With respect to matters of Maryland law, we have relied upon the opinion of Venable LLP, counsel for the Company, dated as of the date hereof, that the Company is a validly organized and duly incorporated corporation under the laws of the State of Maryland.
Based upon, and subject to the foregoing and the discussion below, we are of the opinion that:
(i) | commencing with the Company’s taxable year ended on December 31, 2013, the Company has been organized in conformity with requirements for qualification as a REIT under the Code, and the Company’s actual method of operation through the date hereof has enabled it to meet and, assuming the Company’s election to be treated as a REIT is not either revoked or intentionally terminated, the Company’s proposed method of operation will enable it to continue to meet, the requirements for qualification and taxation as a REIT under the Code; |
(ii) | the discussion in the Prospectus under the caption “Material U.S. Federal Income Tax Considerations,” to the extent it constitutes matters of law, summaries of legal matters or legal conclusions, is a fair and accurate summary of the U.S. federal income tax considerations that are likely to be material to a holder of the Company’s Stock; and |
(iii) | the Operating Partnership has been and will be taxed as a partnership or a disregarded entity and not an association or publicly traded partnership (within the meaning of Section 7704) subject to tax as a corporation, for U.S. federal income tax purposes beginning with its first taxable year. |
Global Net Lease, Inc.
October 4, 2018
Page 4
We express no opinion on any issue relating to the Company, the Operating Partnership or the discussion in the Prospectus under the caption “Material U.S. Federal Income Tax Considerations” other than as expressly stated above.
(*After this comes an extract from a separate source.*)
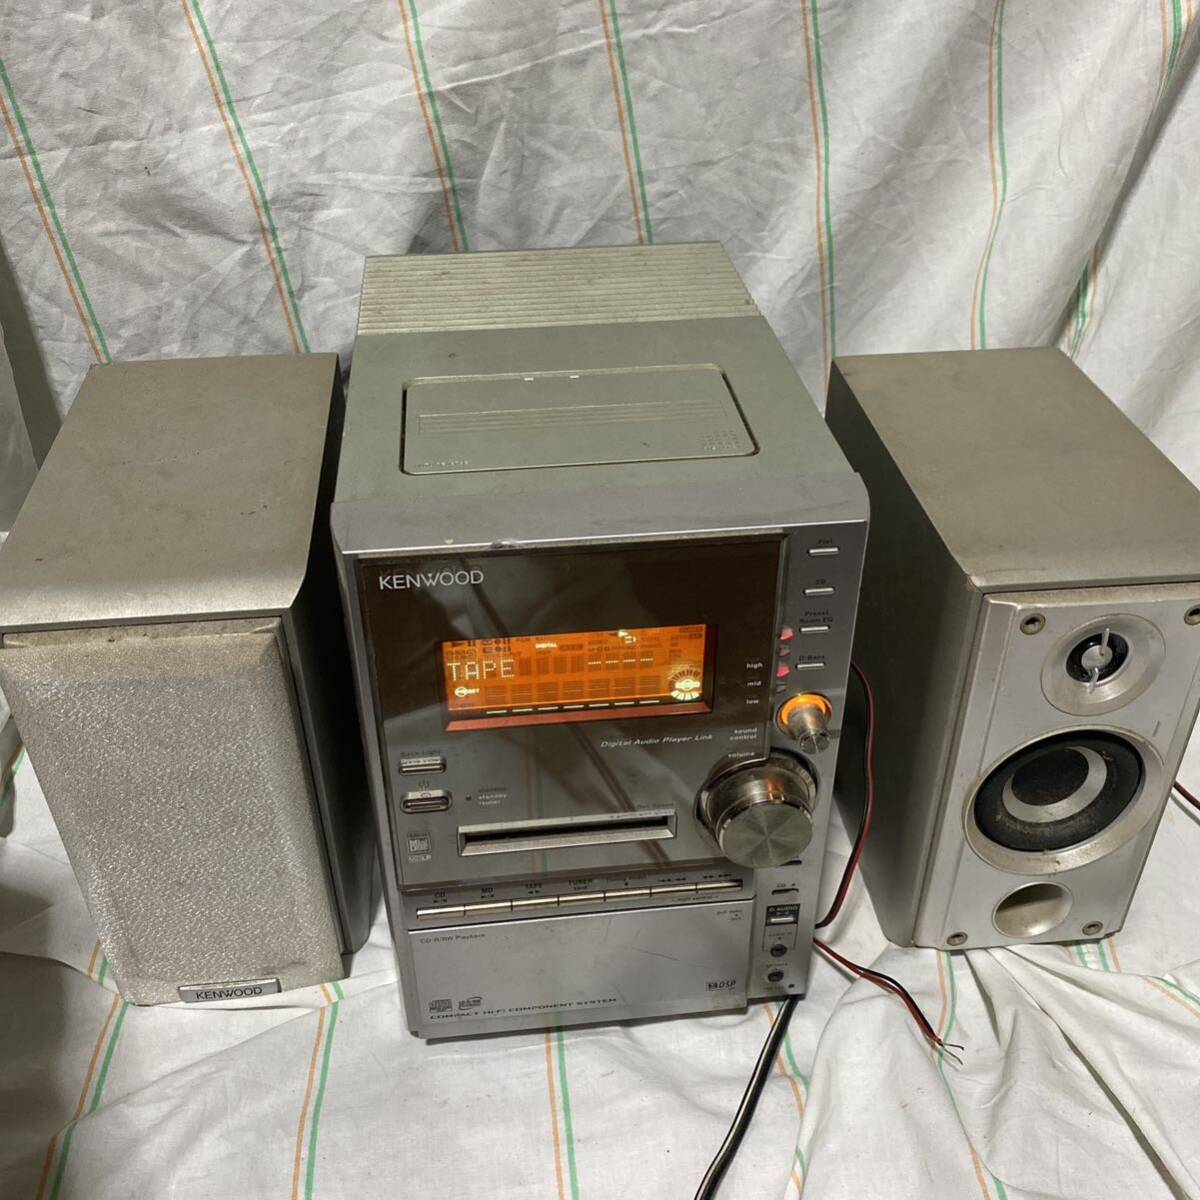 [T3]KENWOOD RXD-SV3MD CD/MD/ кассетная магнитола компонент Junk 
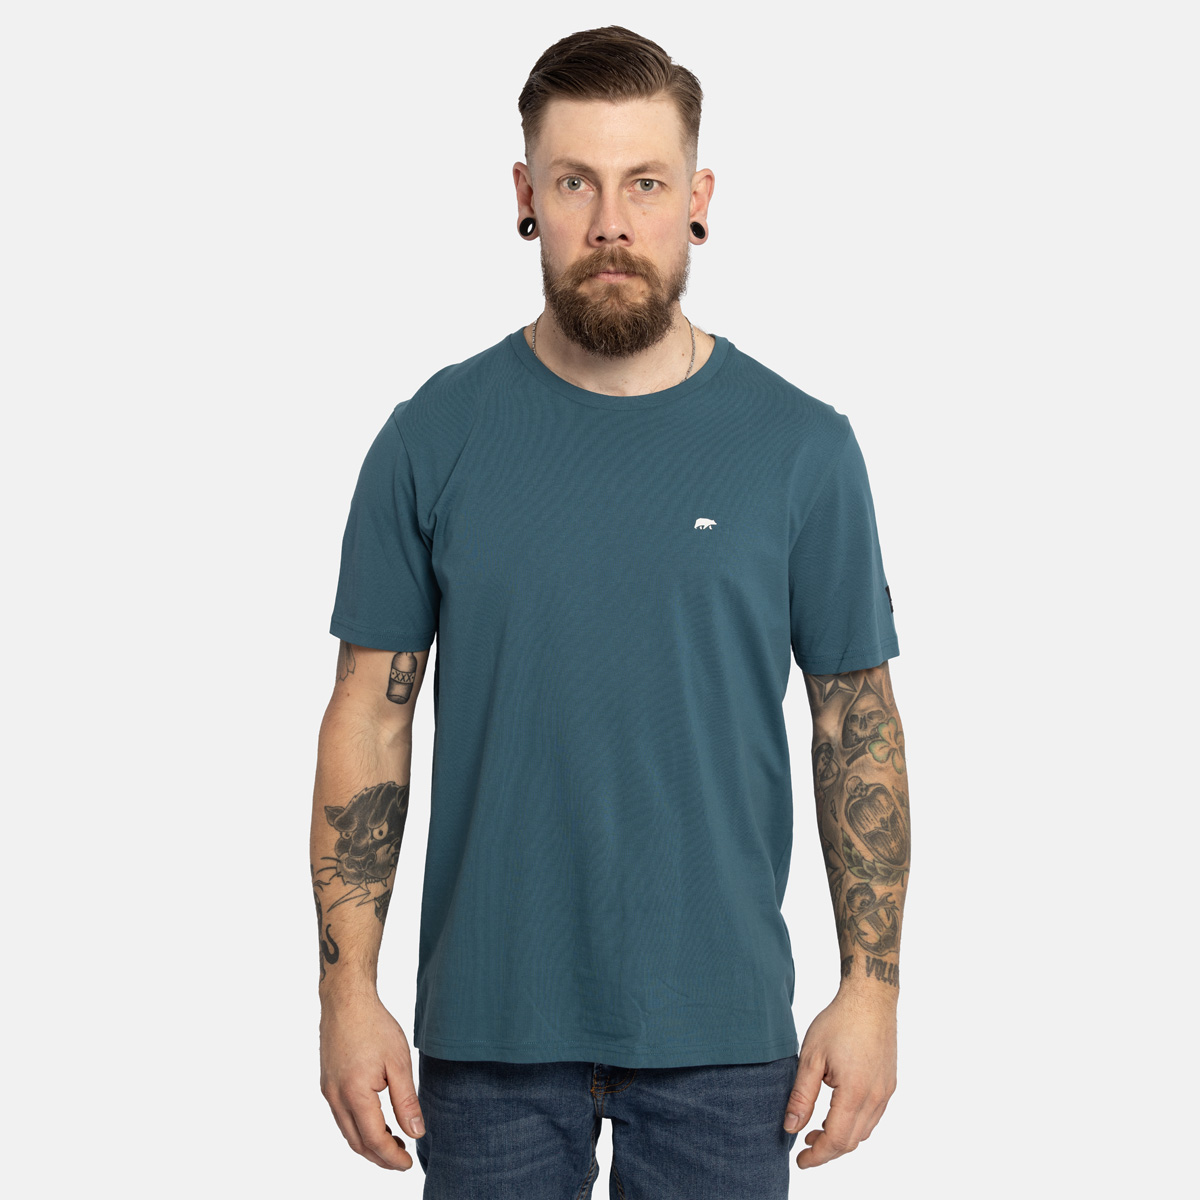 FORSBERG T-Shirt mit kleinem Gummi-Patch - 3

The Company’s qualification and taxation as a REIT will depend upon the Company’s ability to meet on a continuing basis, through actual annual operating and other results, the various requirements under the Code as described in the Registration Statement with regard to, among other things, the sources of its gross income, the composition of its assets, the level of its distributions to stockholders, and the diversity of its stock ownership. Proskauer Rose LLP will not review the Company’s compliance with these requirements on a continuing basis. Accordingly, no assurance can be given that the actual results of the operations of the Company and the Operating Partnership, the sources of their income, the nature of their assets, the level of the Company’s distributions to stockholders and the diversity of its stock ownership for any given taxable year will satisfy the requirements under the Code for the Company’s qualification and taxation as a REIT.
This opinion letter is rendered to you for your use in connection with the Prospectus and may be relied upon by you and your stockholders. Except as provided in the next paragraph, this opinion letter may not be distributed, quoted in whole or in part or otherwise reproduced in any document, filed with any governmental agency, or relied upon by any other person for any other purpose (other than as required by law) without our express written consent.
We consent to the use of our name under the caption “Legal Matters” in the Prospectus and to the use of these opinions for filing as Exhibit 8.1 to the Company’s Current Report on Form 8-K filed on the date hereof. In giving this consent, we do not hereby admit that we come within the category of persons whose consent is required under Section 7 of the Securities Act of 1933, or the rules and regulations of the Commission thereunder.